I refused to look at such a monster.

"See you Monday," he said with a chuckle and left the room, closing it behind him.

My breathing grew heavy at the stuffy room and I moved to get up, but the room was spinning and I felt dizzy, bumping into the nightstand next to the bed. I managed to stand up, but by then I was hyperventilating and I couldn't move, my chest aching with panic. Flashbacks of the incident replayed in my mind on repeat and I found myself sinking to the floor with my back pressed to the bed. My legs pulled up to my chest and my arms wrapped around them, trying to control my breathing. I tried to distract myself by thinking about my dad and how well he might be doing but my labored breaths continued for what felt like hours.

When I finally calmed down and my chest stopped hurting, I stretched out my legs on the floor and stared at the wall in front of me. I'm sure my dad will be pleased to know that my panic attacks are back.

After a few minutes of thinking and sitting there, I got up slowly. The urge to puke grew as the room continued to spin around me and I knew it was the alcohol and the medication mixing. How stupid can I be?

It probably took me about five minutes to make it to the door but I did and stepped out, the music blaring in my ears once again. People from my school were still dancing without a care in the world, oblivious to the events that took place right above them. I made my way down the stairs slowly, pausing after each step to gather my bearings.

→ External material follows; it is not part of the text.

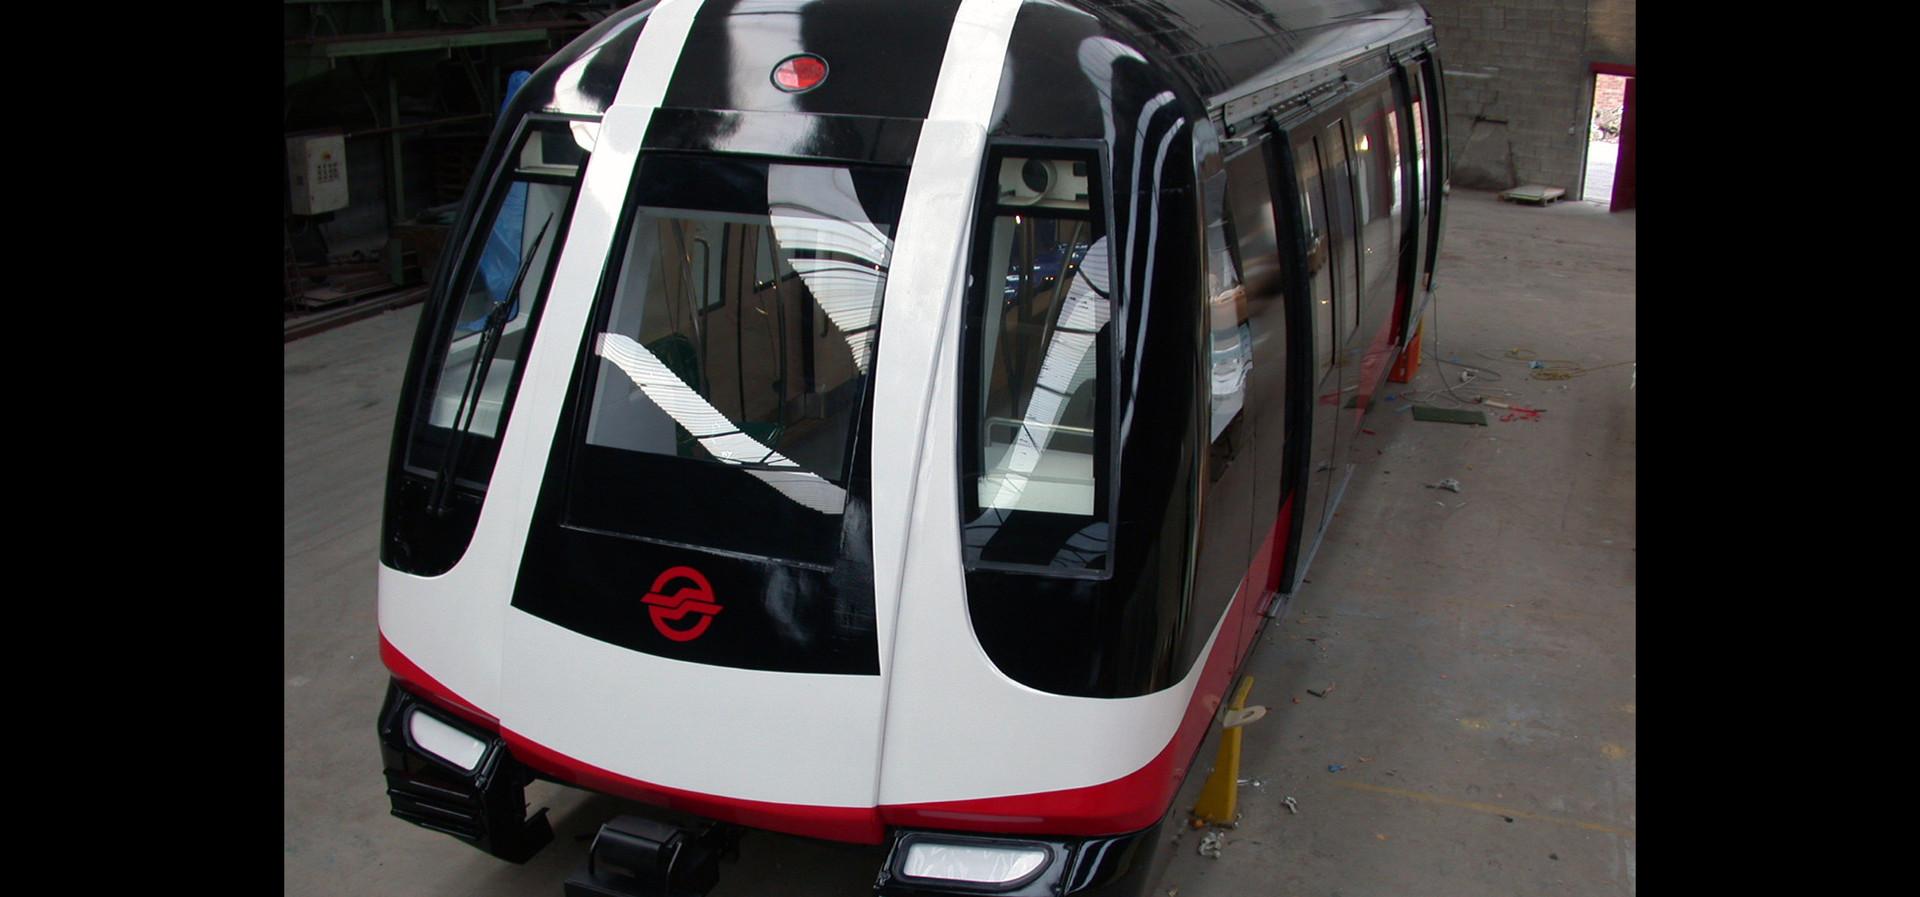 Singapore Metro, 2002

I walked outside and headed straight for my car, glad that I managed to remember my keys and purse that was on the bedside table in the room. It's probably not a good idea to drive in my state, but I was far from drunk after only drinking one cup of vodka, and it was mixed with soda. The worst thing to happen would be getting dizzy during the drive but the clenching of my stomach had lessened considerably.

The drive on the way to the hospital was bearable. Nothing happened and I was completely safe. Now the only thing to do was report what happened and hopefully get Sting arrested. I had sobered up on the drive there since it was about an hour away, so I wouldn't get in trouble for underage drinking.

Well, I hope not.

I made my way inside and up to the receptionist who asked if I was there to see my dad. "I...I was r-raped." I flinched at the word and the woman's eyes widened, immediately assigning me a room and calling for the police and a nurse. I changed into my gown and put my clothes in a plastic bag as instructed. After sitting on the hospital bed, a nurse came in and led me to a room where she could assess the damage and take DNA samples.

It was a long and uncomfortable process, taking about three hours total. I was laying on the bed watching the news when a doctor came in with my dad in a wheelchair and an IV next to him. The doctor rolled him next to me and I immediately got up and hugged him, sobbing into his shoulder. He rubbed my back and didn't ask any questions, which I was thankful for.

Who knew I would feel even worse.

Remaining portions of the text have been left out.